## Task item
Every line of the listing below must be printed again exactly, apart from its pictures.

## Collected data
+-------+

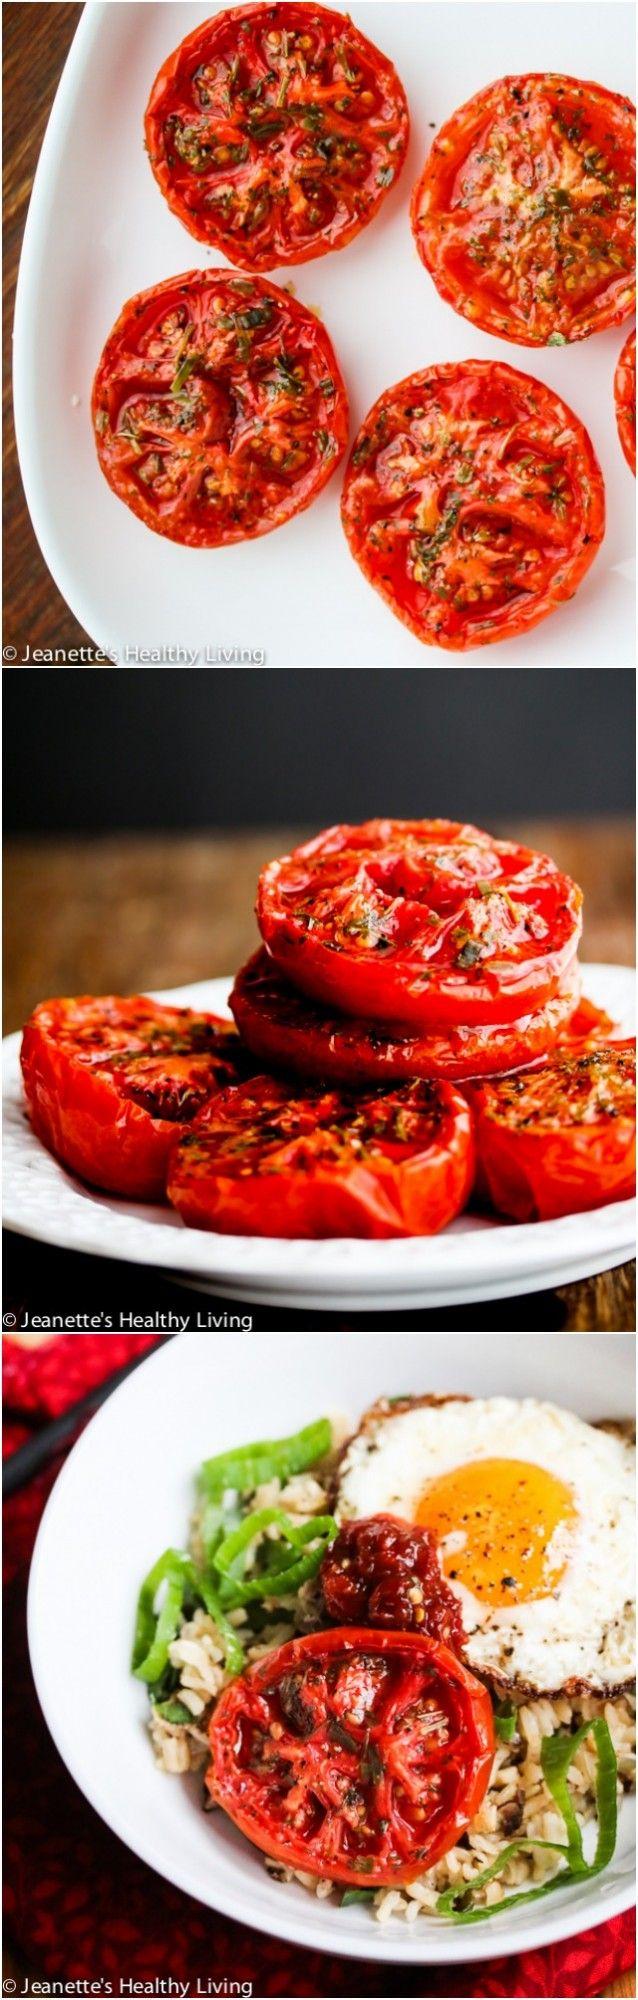 Slow Roasted Summer Tomatoes © Jeanette's Healthy Living #tomatoes #vegetarian #vegan #reciperedux
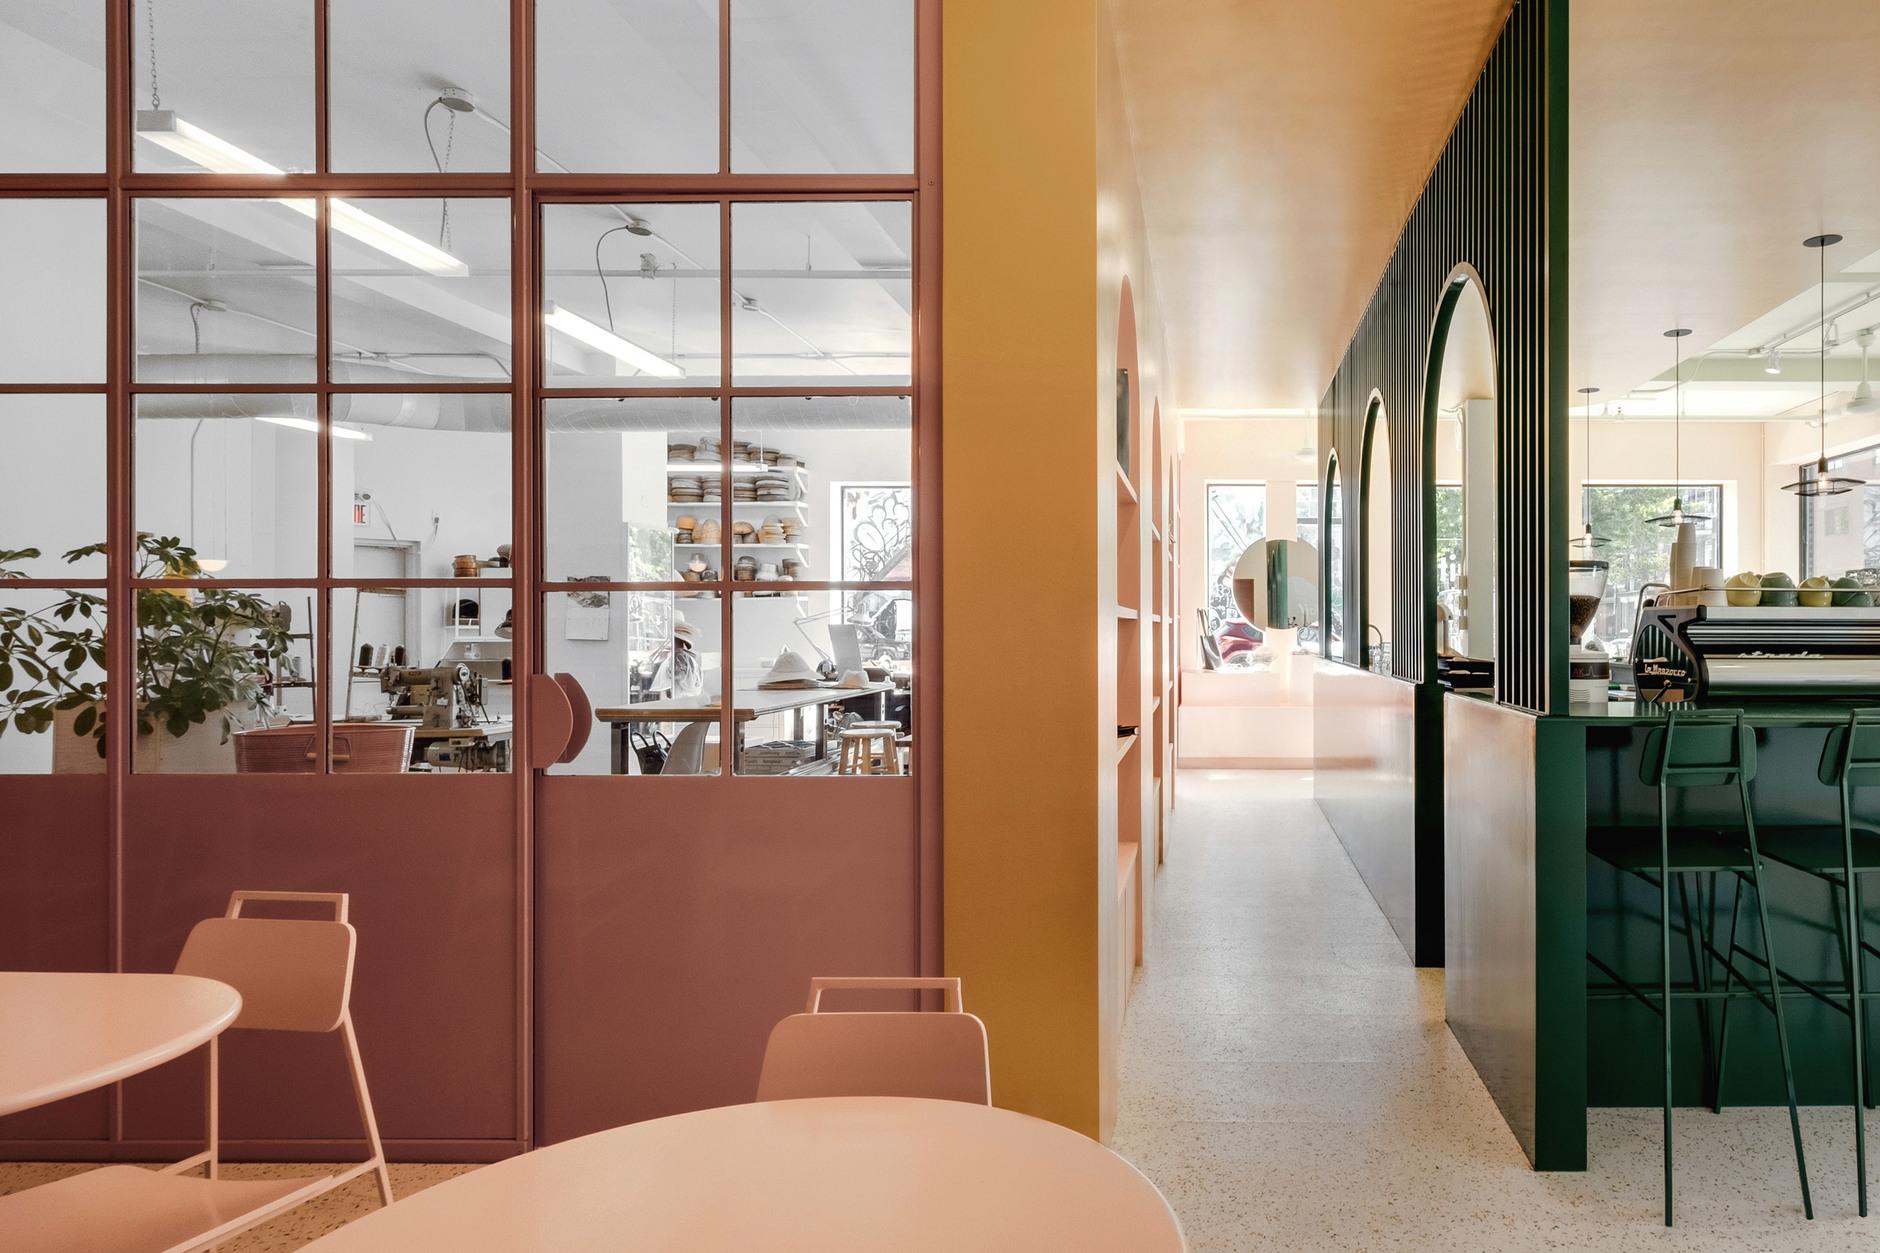 Яркий проект Pastel Rita в Монреале от студии Appareil Architecture (галерея 5, фото 1)
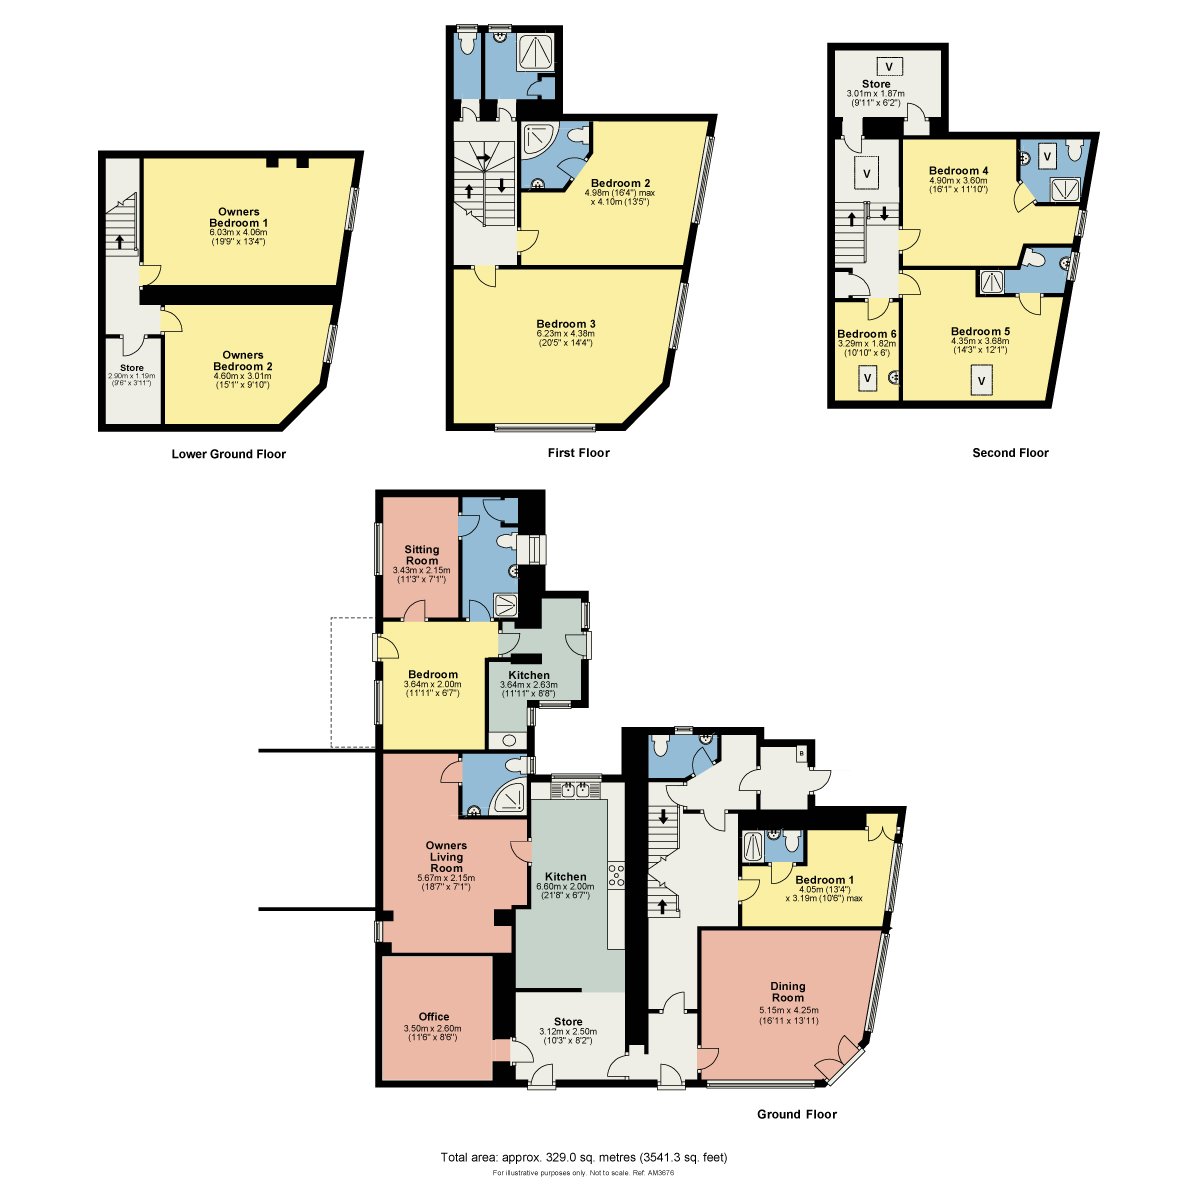 Floorplan Lacet House, Kelsick Road, Ambleside, Cumbria, LA22 0EA
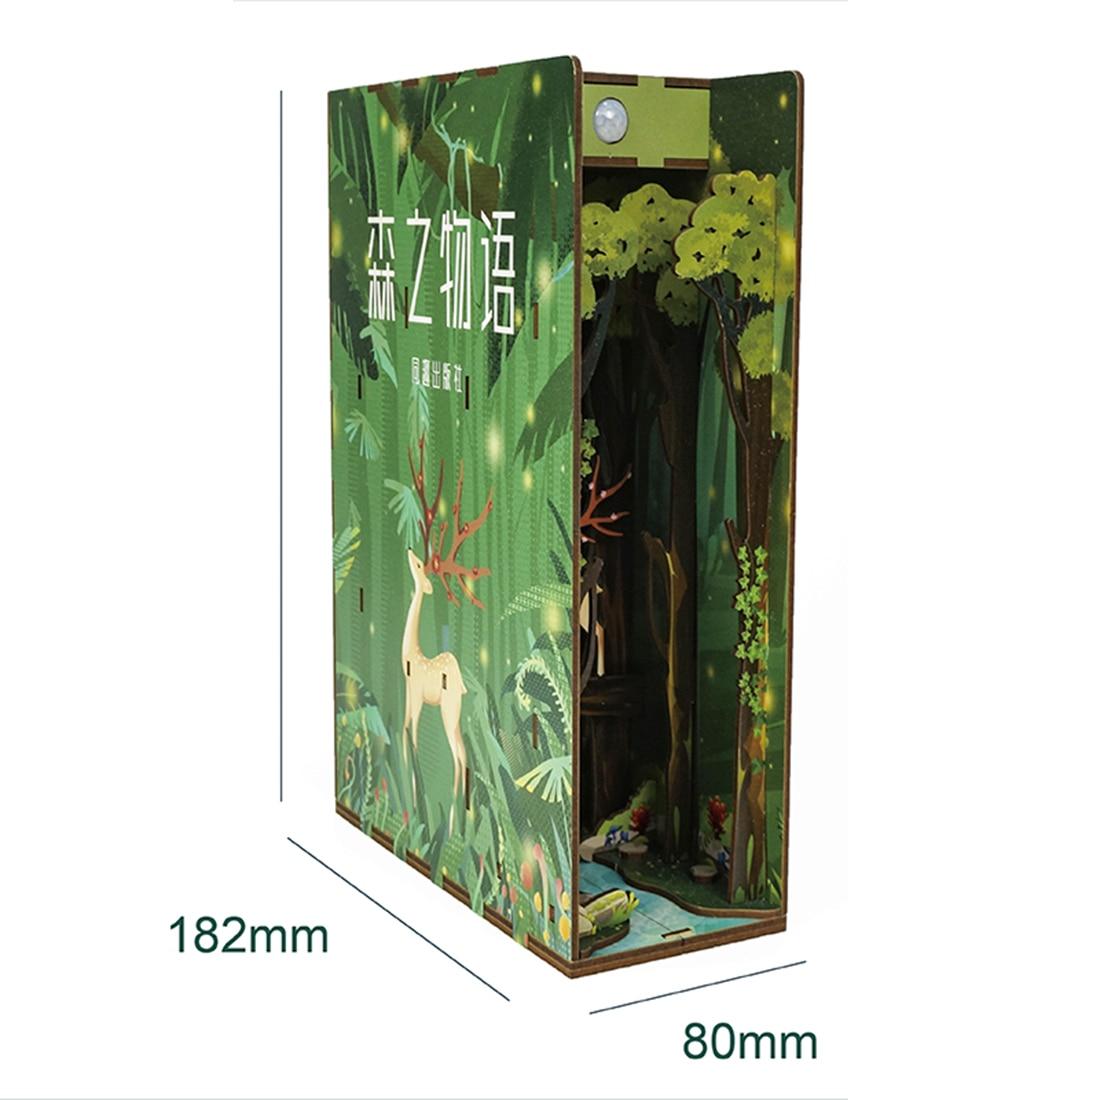 Hc9953661a5fa4971a46e4686dcbb03a8n - Robotime - DIY Models, DIY Miniature Houses, 3d Wooden Puzzle

+-------+

## Task solution
 Slow Roasted Summer Tomatoes © Jeanette's Healthy Living #tomatoes #vegetarian #vegan #reciperedux
 Яркий проект Pastel Rita в Монреале от студии Appareil Architecture (галерея 5, фото 1)
 Floorplan Lacet House, Kelsick Road, Ambleside, Cumbria, LA22 0EA
 Hc9953661a5fa4971a46e4686dcbb03a8n - Robotime - DIY Models, DIY Miniature Houses, 3d Wooden Puzzle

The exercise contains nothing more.